The Critique of Modernity and the Pastoral Retreat in Sixties Folk Rock

Pastoral, 1909 drawing, Museu Antonio Parreiras collection. Photo by Query Museus do Estado do Rio de Janeiro, public domain, via Wikimedia Commons.

(Part 5 of the seventeen-part series on Sixties folk rock and the rise of the modern environmental movement. Specifically, the series tracks the influence of environmentally themed songs from the publication of Rachel Carson’s Silent Spring in late 1962 to the first Earth Day in the spring of 1970. Here I track one of the key recurring themes of those songs.)

If “Mother Nature” was “on the run in the 1970s,” as Neil Young succinctly puts it in “After the Gold Rush,” the songwriters of the day were clear in their assessment of what had been taking over in its place in the 1960s. The environmentally-themed songs of the folk rock era offer a chorus of critiques on the forces of modernity, seeing it as the fire wreaking havoc on our earth, water, and air. At the same time, the songwriters of the day almost universally expressed a yearning to retreat from the modern world. In the Sixties that retreat was called the “back to the land” movement, but the ancient Greeks called it pastoral, the place removed from the hubbub of the city and civilization, a place where we could live more simply and peacefully, close to the life-nurturing land.

Few songs expressed the debilitating effects of modern progress more effectively than Cat Stevens’s “Where Do the Children Play?” In the first stanza of the song, Stevens (born Stephen Georgiou, now Yusuf Islam) keeps the critique of modernity relatively low key, saying that he thinks “it’s fine, building jumbo planes / Or taking a ride on a cosmic train.” These technological wonders indicate that “we’ve come a long way” — but there seems to be no answer to the song’s key (and titular) question: “where do the children play?” Are the attractions of the modern era worth the sacrifice of childhood innocence, wonder, and exploration?

In later stanzas the critique becomes more sharply focused on skyscrapers that “crack the sky” and “fill the air.” Stevens wonders, “will you keep on building higher / Till there’s no more room up there?” Tied in with the physical artifacts of modern technology is the loss of personal agency: “Will you tell us when to live, will you tell us when to die?” Like Emerson, Stevens suggests that “things are in the saddle and ride mankind.” Modern progress, it seems, which we like to envision as an upward-aspiring movement, also brings with it authoritarian control and conformity. And as we “switch on summer from a slot machine,” our way of living substitutes electronic gadgetry for an authentic life lived in connection with the natural world. The assessment is not so different from that offered in the Sierra Club Bulletin in 1970: in “A Fable for Our Times” (the title riffing on the introductory chapter of Rachel Carson’s Silent Spring), the anonymous writer identified love of technology — and our belief that “it could do no wrong” — as the “fatal flaw” that had led not only to the Viet Nam War but to the despoliation of our own country: “The air was mostly foul, the water putrid, and most the land was either covered with concrete or garbage” (16).

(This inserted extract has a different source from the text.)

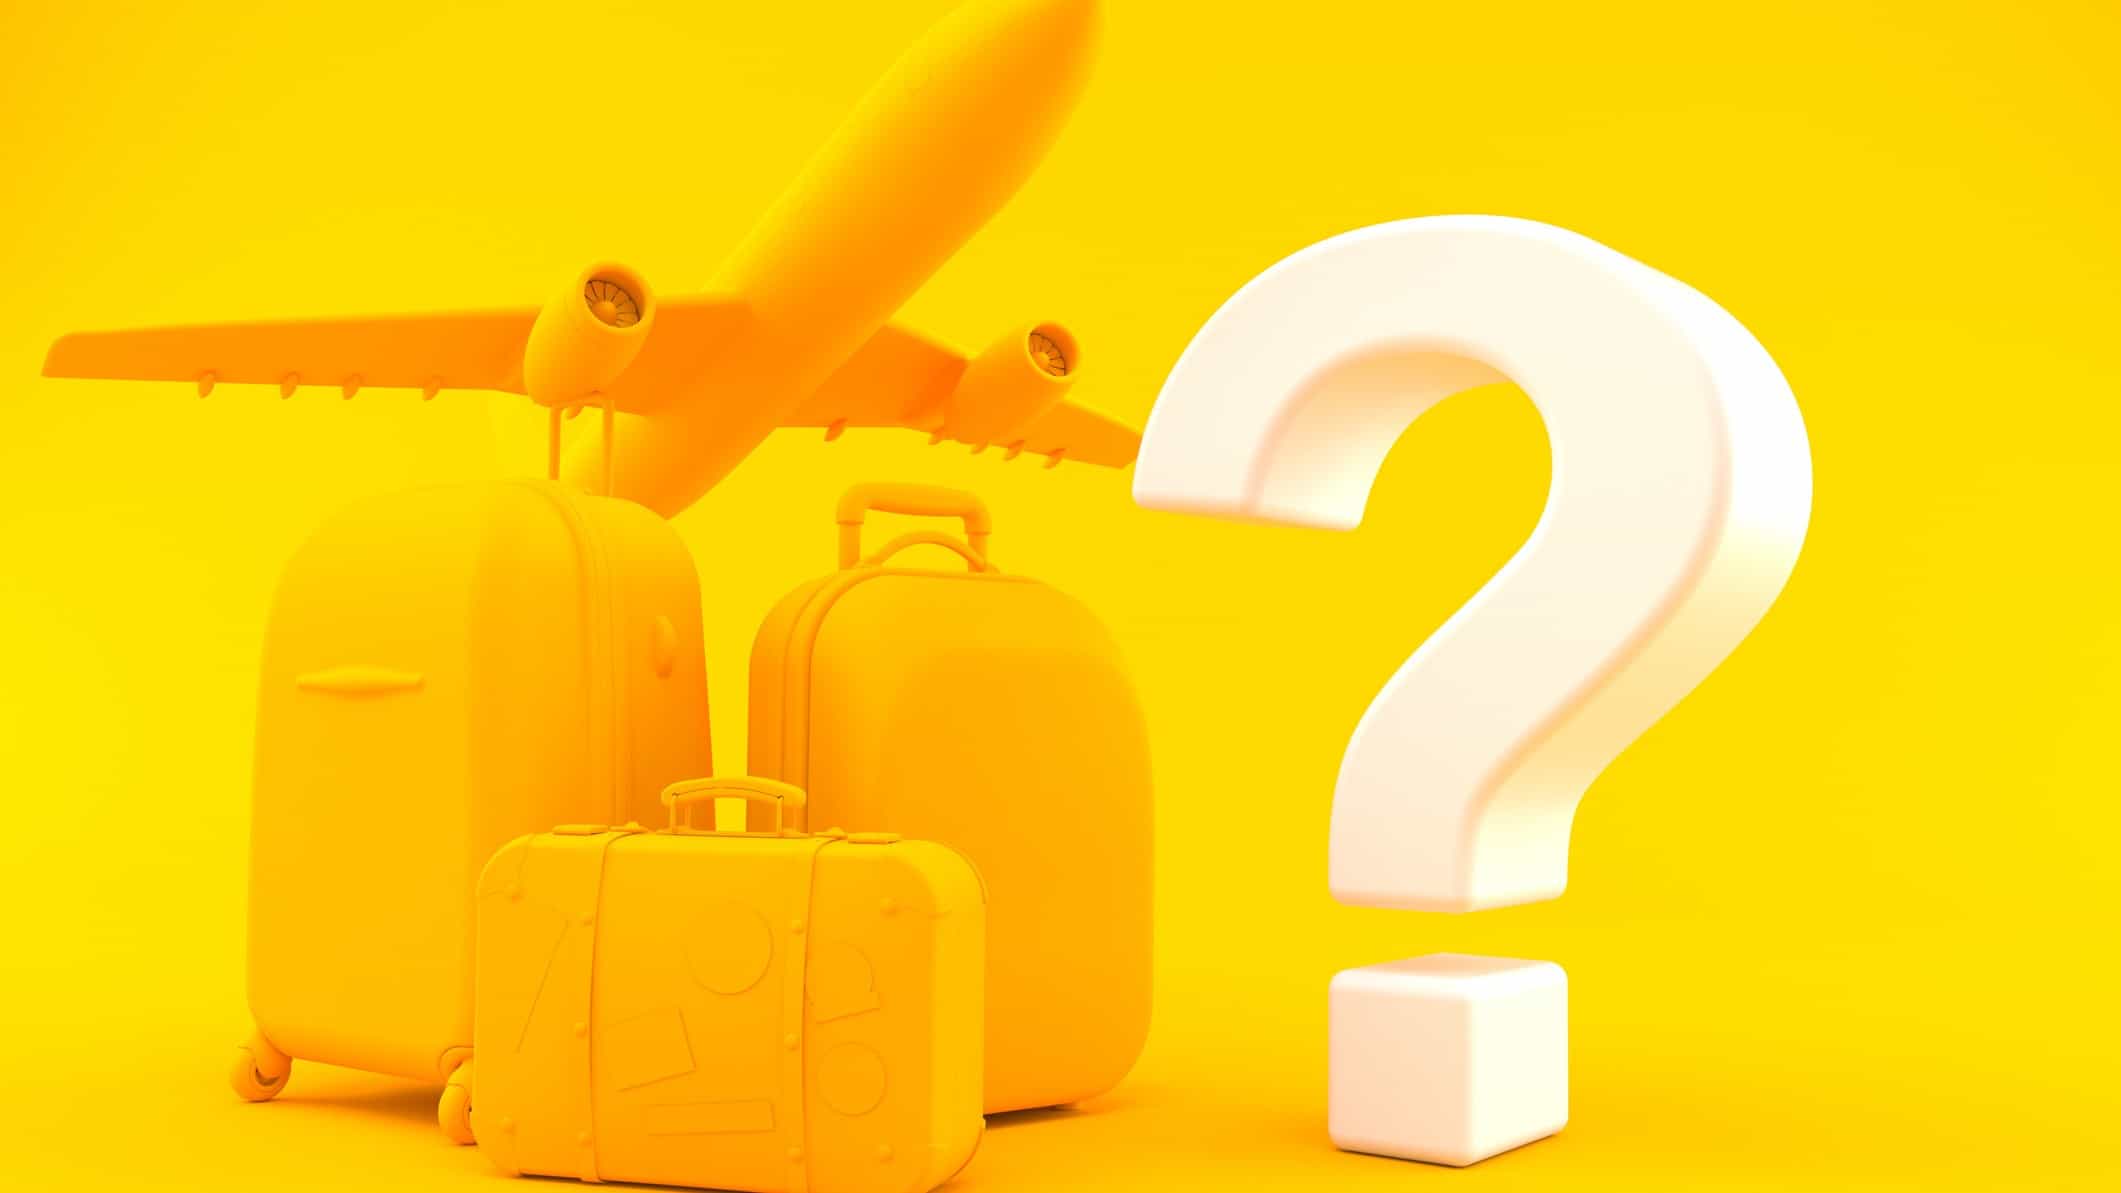 asx airport shares represented by plane and luggage next to large question mark
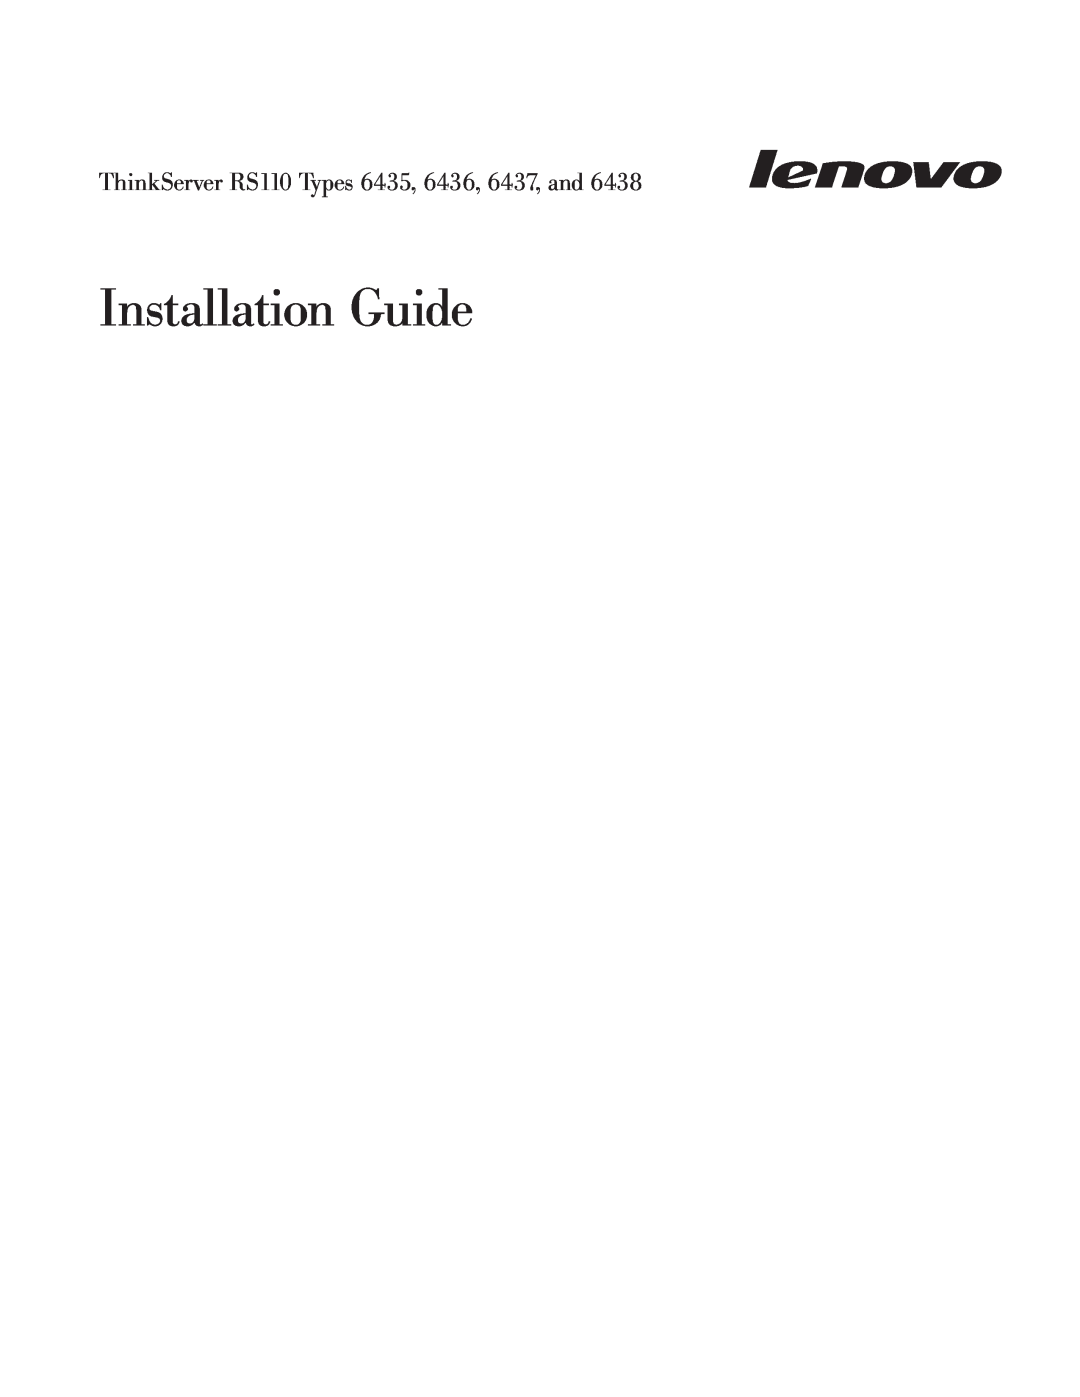 Lenovo 6438 manual User Guide, ThinkServer RS110 Types 6435, 6436, 6437 and

But it wasn’t just the forces of modernity that the left-leaning folk rock singers of the day saw as the source of environmental ruin. Their prime targets were materialism and the forces of capitalism. Anticipating calls for recycling that would not become the norm till decades later, John Mayall in “Nature’s Disappearing” urged his listeners to:

Make manufacturers uncomfortable
Boycott at the market
Containers that are non-returnable
Aluminum, glass, and plastic
Eternal waste that’s not destructible.

That’s not exactly the height of lyricism, but the message is clear and emphatic. In a similar vein Iron Butterfly’s “Slower than Guns” attacked “Smokin’ stacks on industry’s backs / In this land of a cigarette pack,” forging a connection between our materialistic habits and the pollution from manufacturing processes. The tawdriness of capitalist consumerism and its stultifying effects on us come in for critique in Bill Steele’s “Garbage” as well: “We’re filling our minds with garbage,” says Steele, “While the kids do the homework with the TV in one ear / While Superman for the thousandth time / Sells talking dolls and conquers crime.” Pollution of our air and water, litter along our highways — those things are bad, but worse yet is the dehumanization involved in making each of us dumb and compliant consumers, mere cogs in the consumption machine.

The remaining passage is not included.